HEXGEN-FLOW: Optimizing LLM Inference Request Scheduling for Agentic Text-to-SQL

Imagine you run a bustling, high-end restaurant where the chefs are not humans, but super-intelligent AI robots. Your customers (the users) don't just order a simple burger; they order complex, multi-course tasting menus that require the chefs to work together in a specific sequence.

This is the world of Text-to-SQL: turning a simple question like "Show me sales for last month" into a complex database command.

Here is the problem: In a typical restaurant, if a customer orders a steak, the kitchen just starts cooking it. But in this AI restaurant, the "steak" (the final answer) requires a 4-step process:

Menu Check: The chef reads the ingredients list (Schema Linking).
Drafting: The chef writes three different recipes (SQL Generation).
Tasting & Fixing: The chef tries the recipes, burns one, fixes another, and tries again (Self-Correction).
Final Review: A critic tastes the best one and picks the winner (Evaluation).

The Challenge:
The restaurant has a mix of super-fast ovens (powerful GPUs) and older, slower ovens (weaker GPUs).

The Old Way: The manager (the scheduler) just throws orders at ovens randomly or in a "first-come, first-served" line.
- Result: A complex order gets stuck in a slow oven, while a simple order sits in a fast oven doing nothing. The customer waits too long, gets angry, and leaves (SLO violation).
The New Way (HEXGEN-FLOW): The paper introduces a new, smart manager system called HEXGEN-FLOW.

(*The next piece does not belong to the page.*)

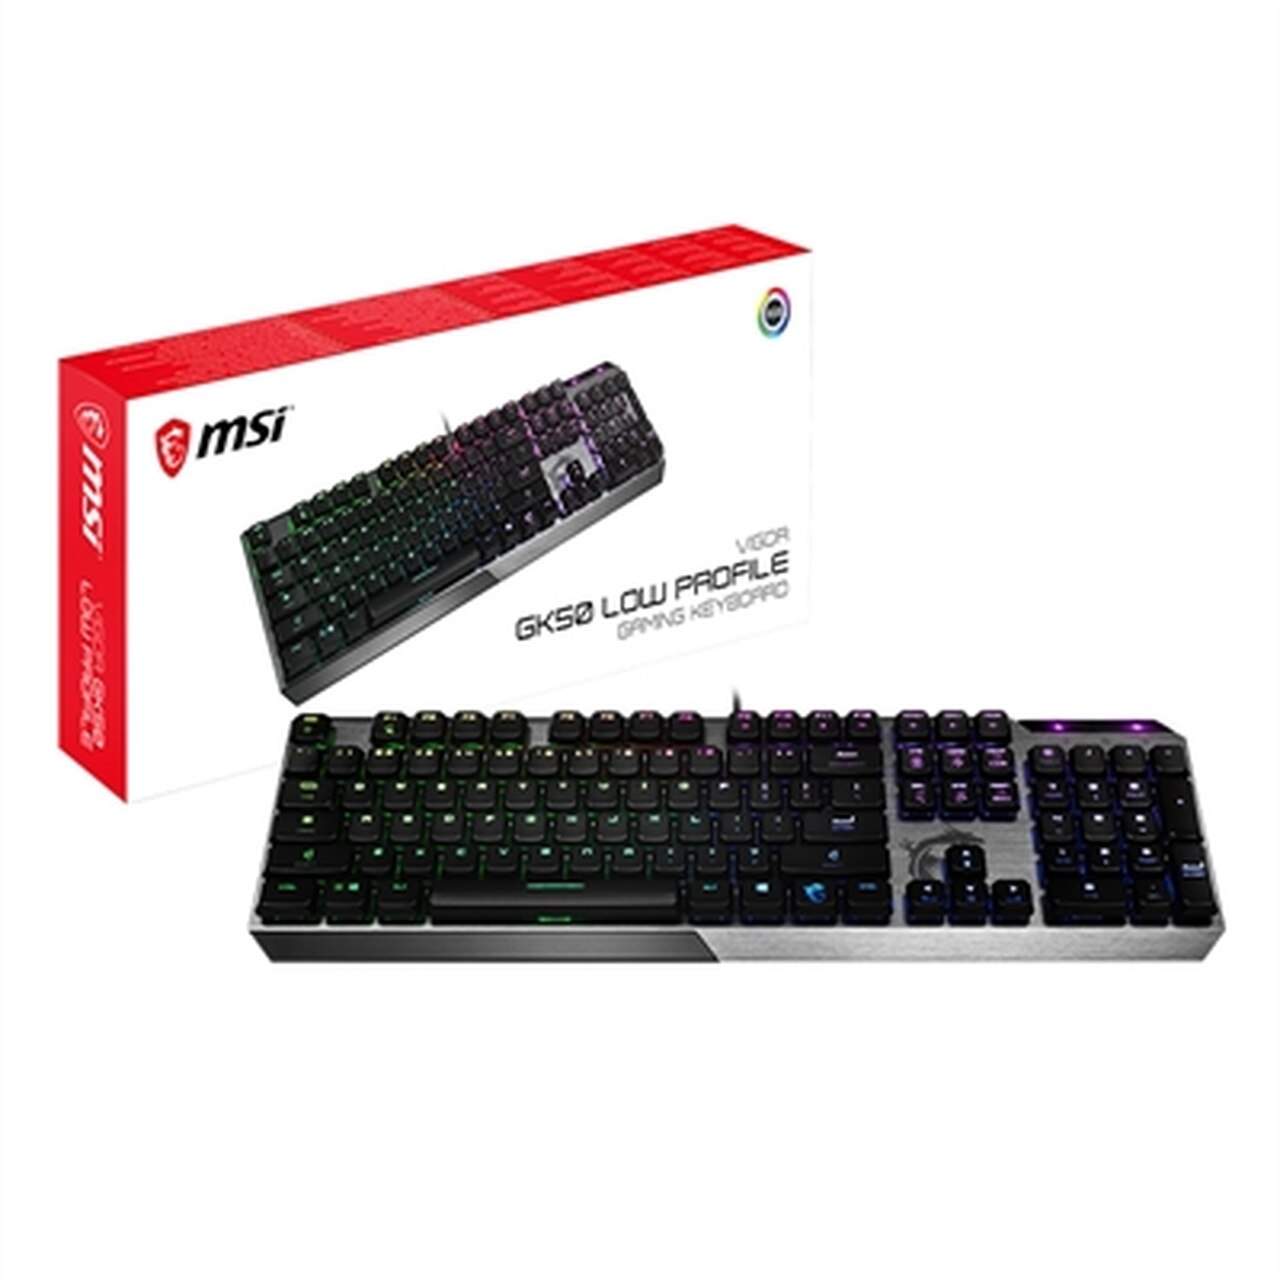 MSI Vigor GK50 Low Profile Gaming Keyboard - image 1 of 3

How HEXGEN-FLOW Works (The Analogy)

HEXGEN-FLOW acts like a super-organized, two-level traffic controller for your AI kitchen.

1. The Global Dispatcher (The Smart Host)

Instead of just handing out tickets in order, this host looks at two things before sending a task to a chef:

How heavy is the task? (Is it a simple salad or a 10-course meal?)
Which oven is free and fast enough?

The Metaphor: Imagine a heavy, slow-cooking stew. The Smart Host knows to send this to the Super Oven (A100 GPU) immediately, even if the Super Oven is slightly busy, because the stew needs that power. Meanwhile, a light salad gets sent to the Old Oven (A6000 GPU) so the Super Oven isn't wasted on simple tasks. This ensures no oven sits idle while another is overwhelmed.

2. The Local Priority Queue (The Urgent Sous-Chef)

Once a task arrives at a specific oven, it doesn't just sit in a line. The oven has its own Urgency Meter.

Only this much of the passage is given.